*What is required*:
Output the listing word for word, minus pictures.

*Stored data*:
○ ○ ○ ○

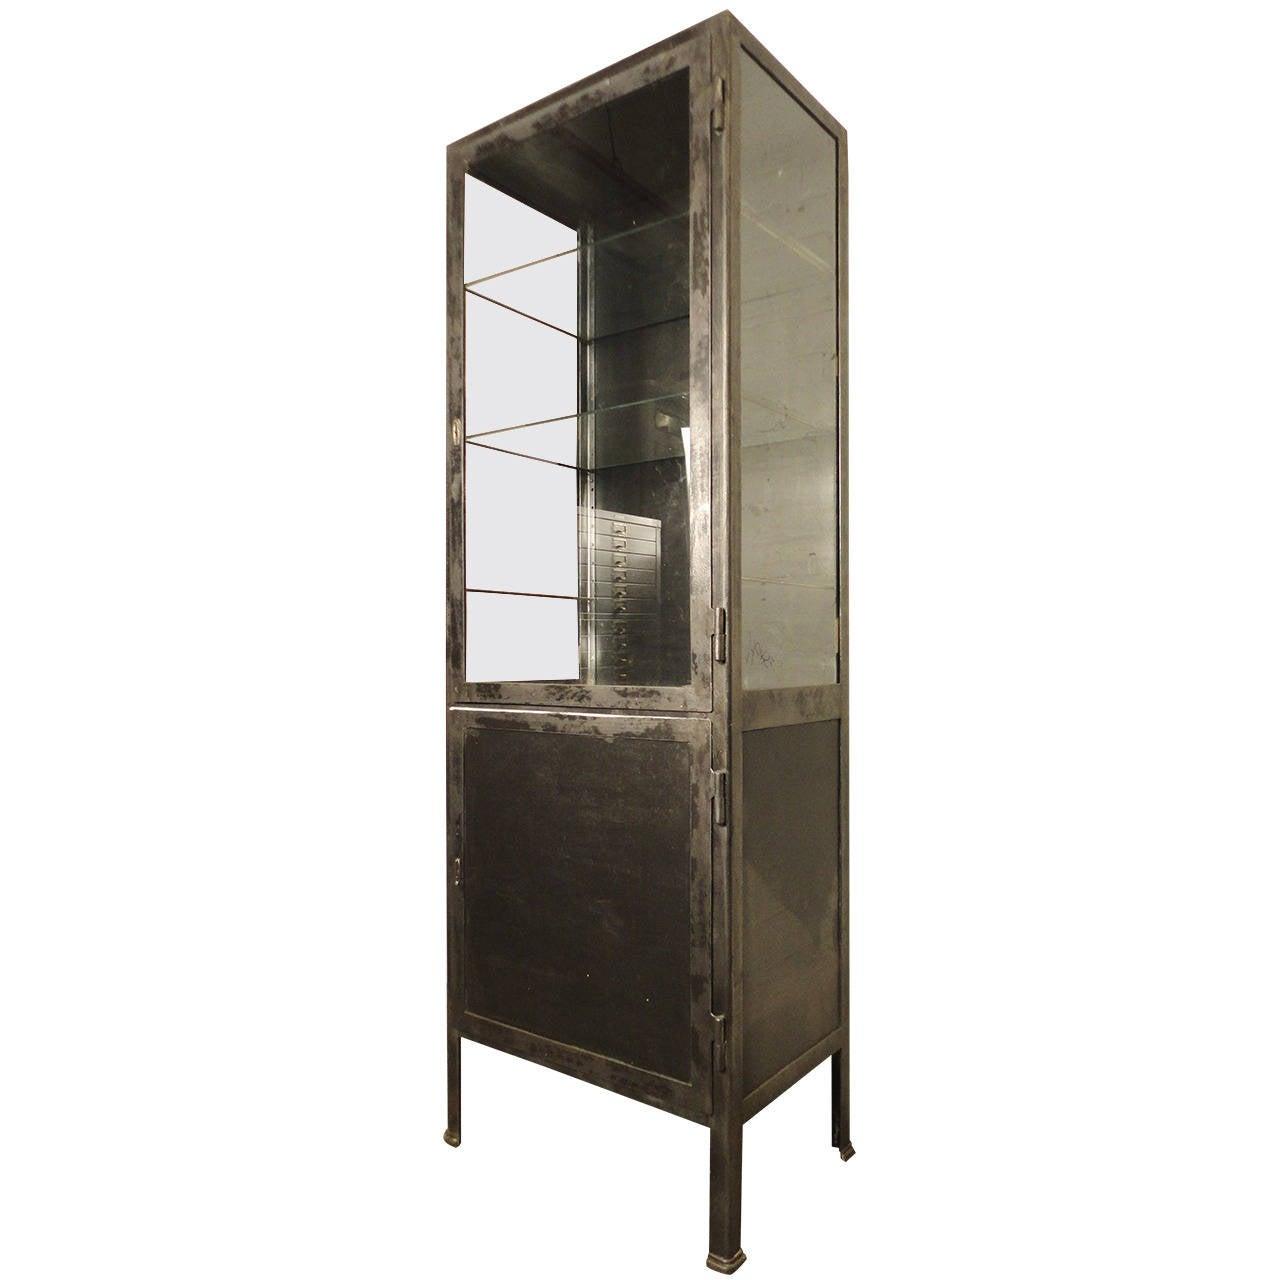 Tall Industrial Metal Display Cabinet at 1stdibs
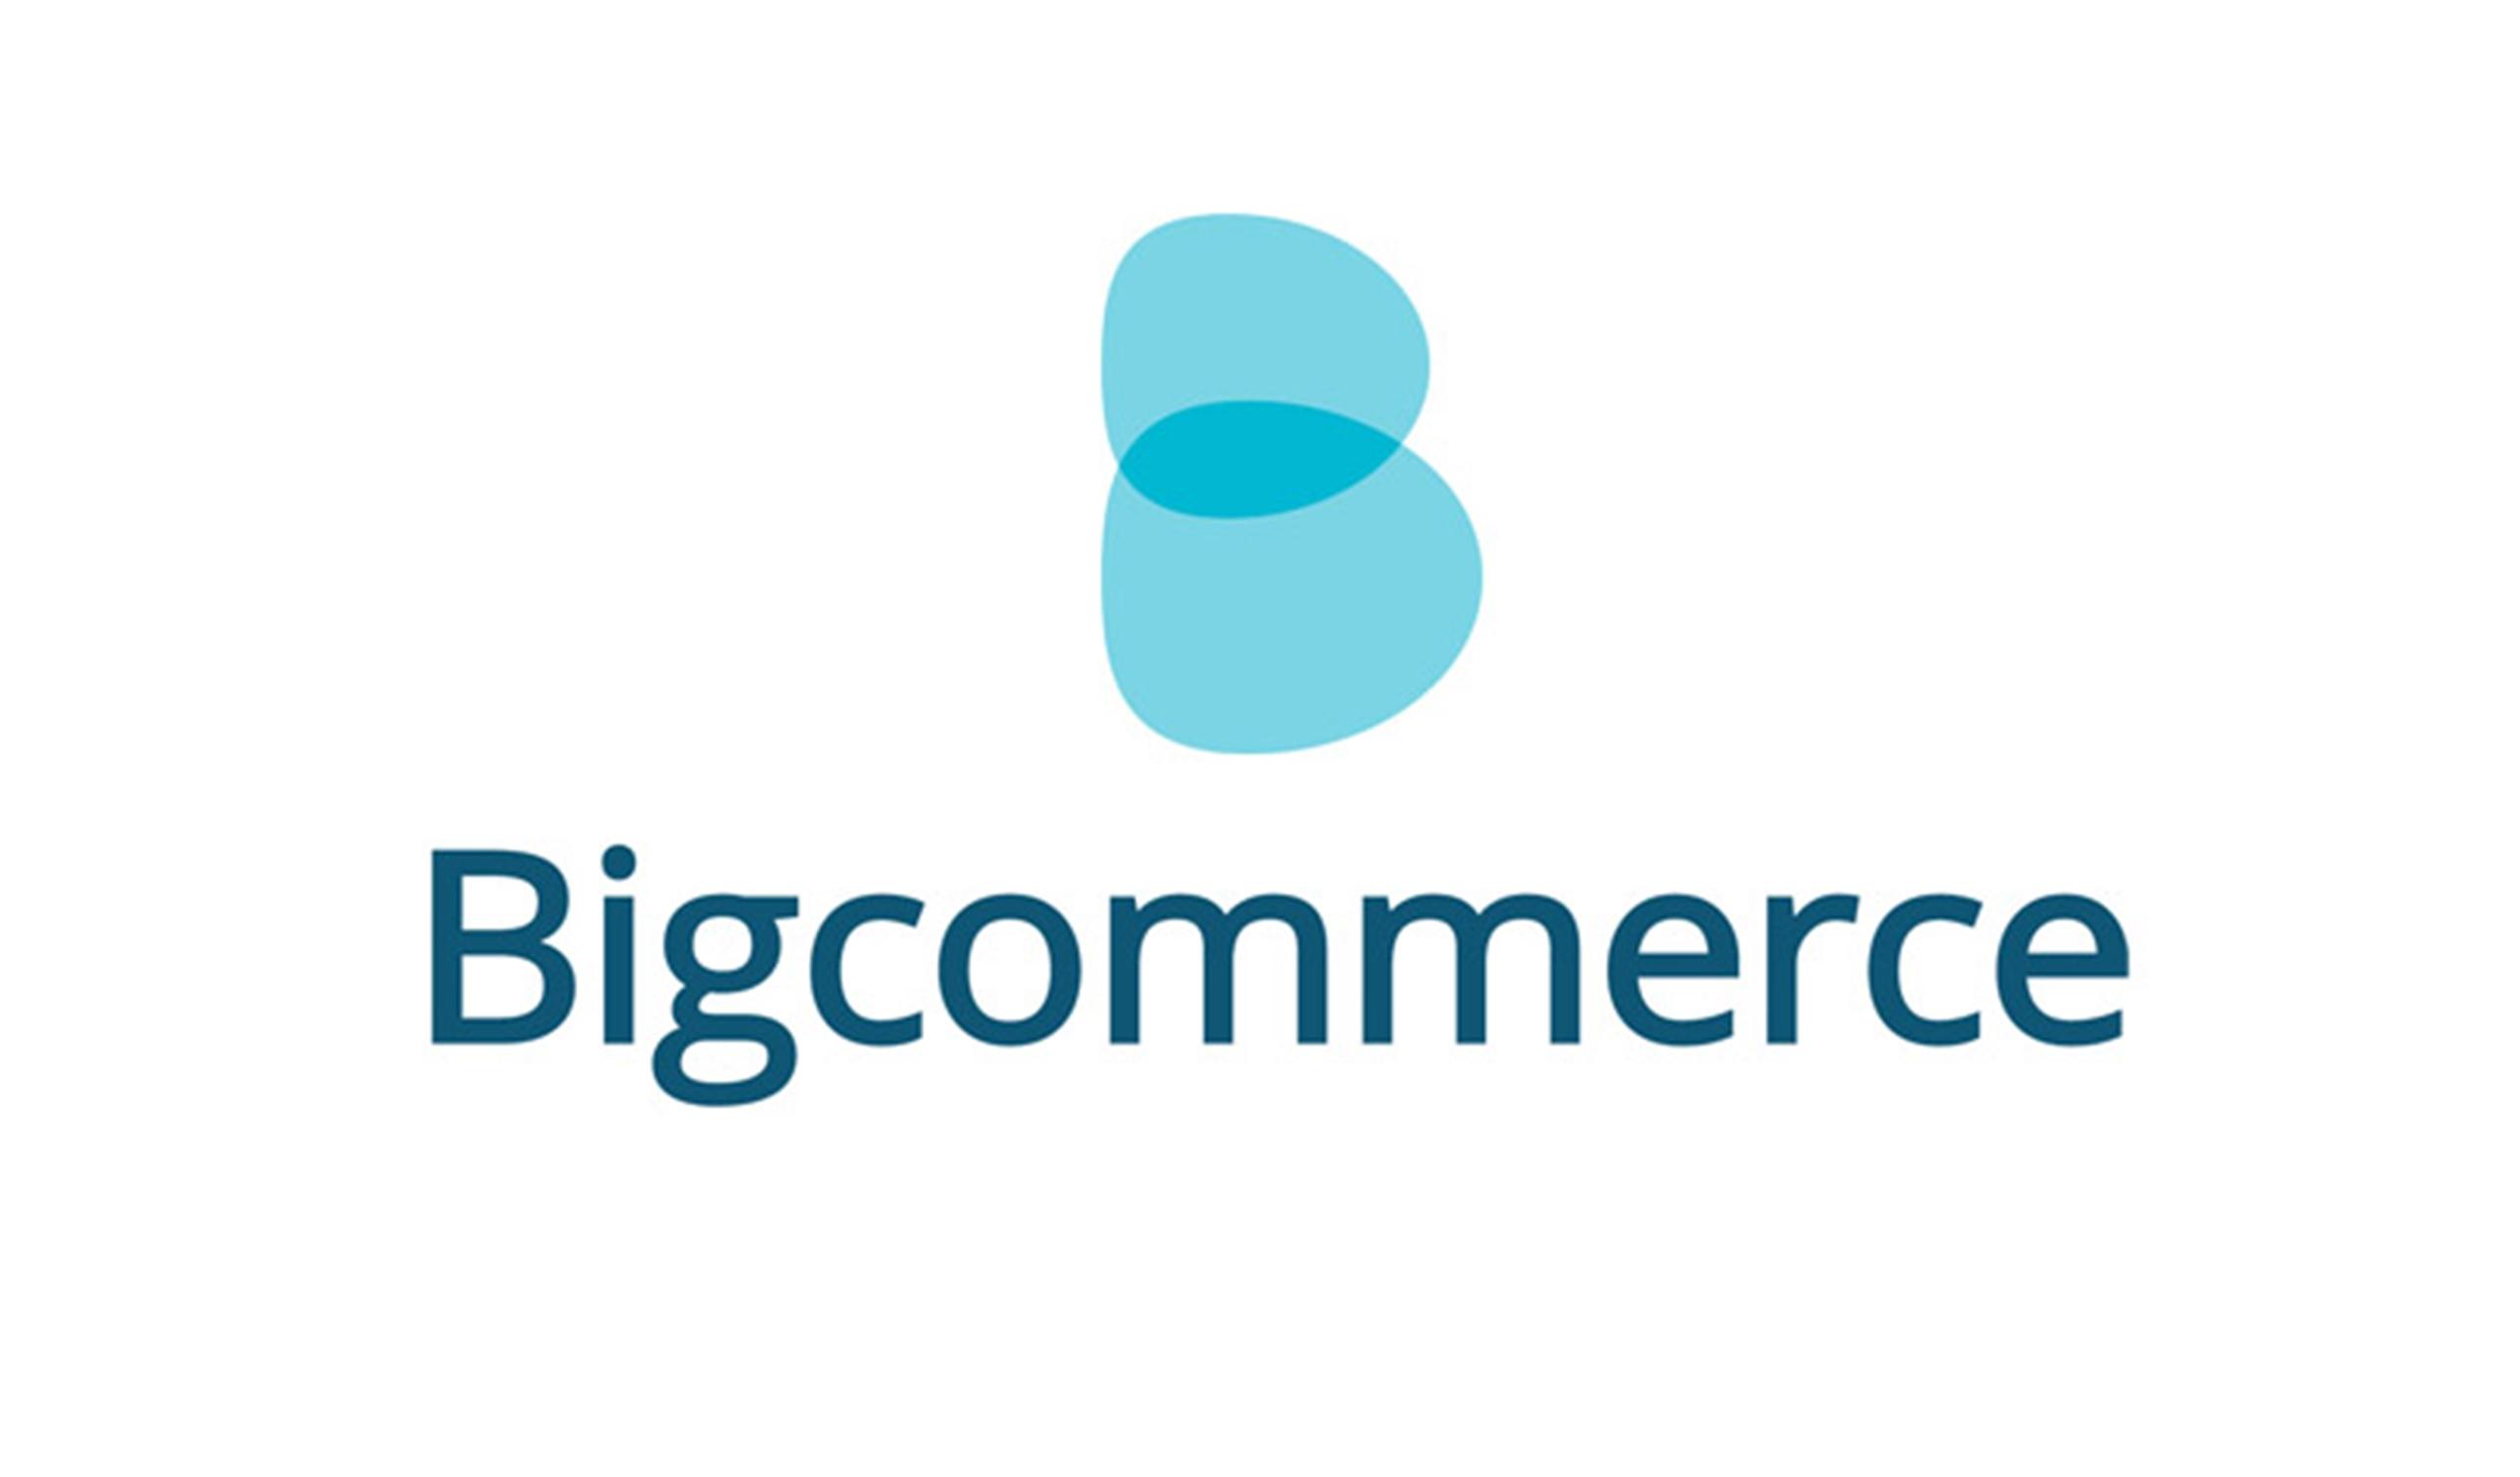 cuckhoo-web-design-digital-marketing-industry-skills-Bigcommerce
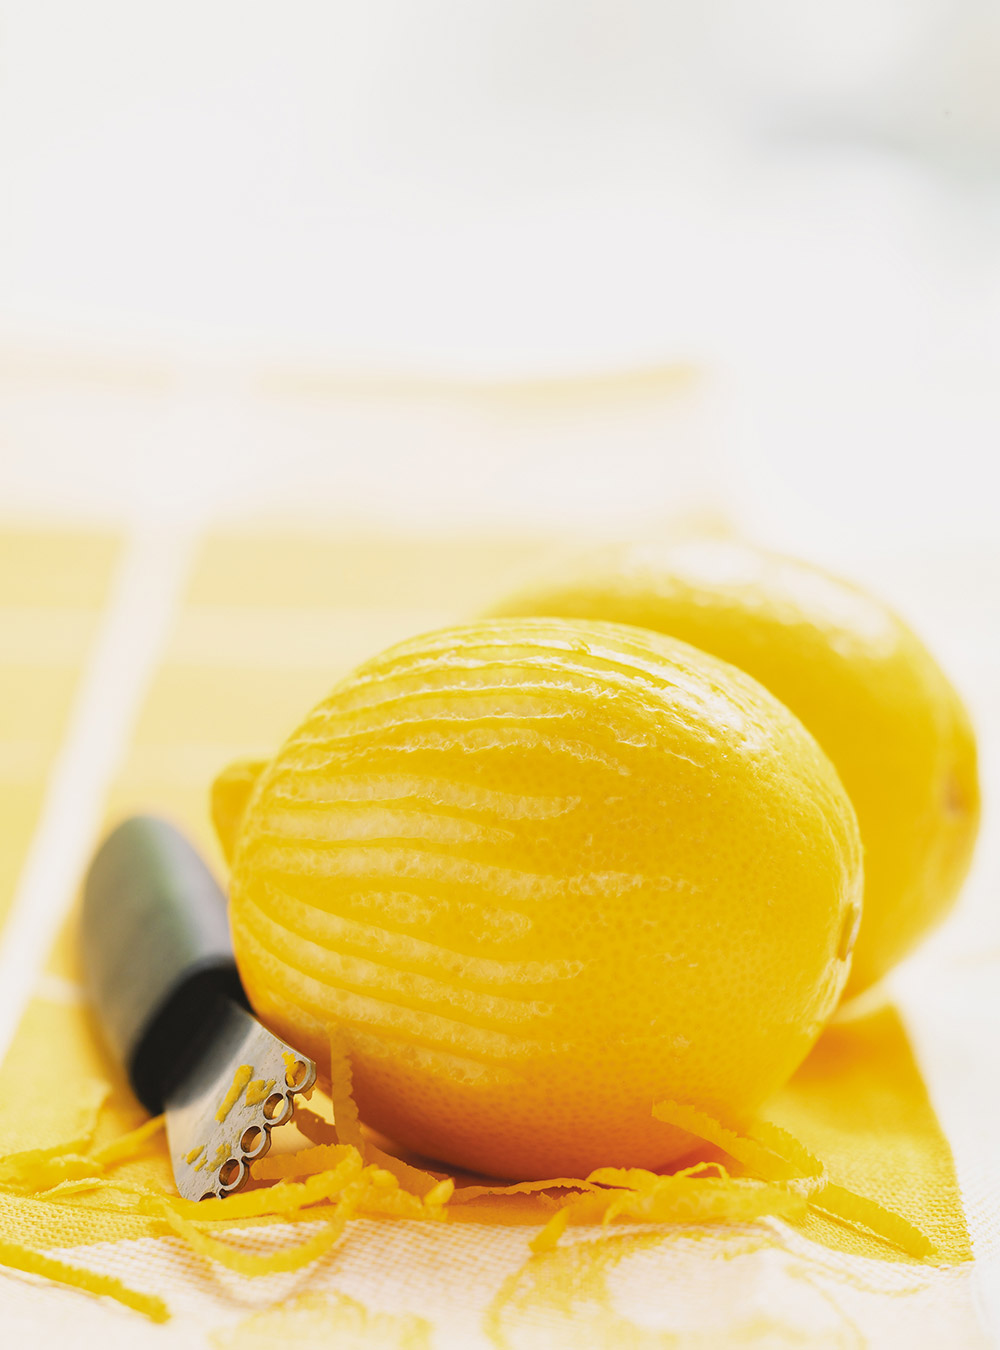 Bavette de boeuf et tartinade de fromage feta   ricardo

○ ○ ○ ○

*Task answer*:
 Tall Industrial Metal Display Cabinet at 1stdibs
 cuckhoo-web-design-digital-marketing-industry-skills-Bigcommerce
 Bavette de boeuf et tartinade de fromage feta   ricardo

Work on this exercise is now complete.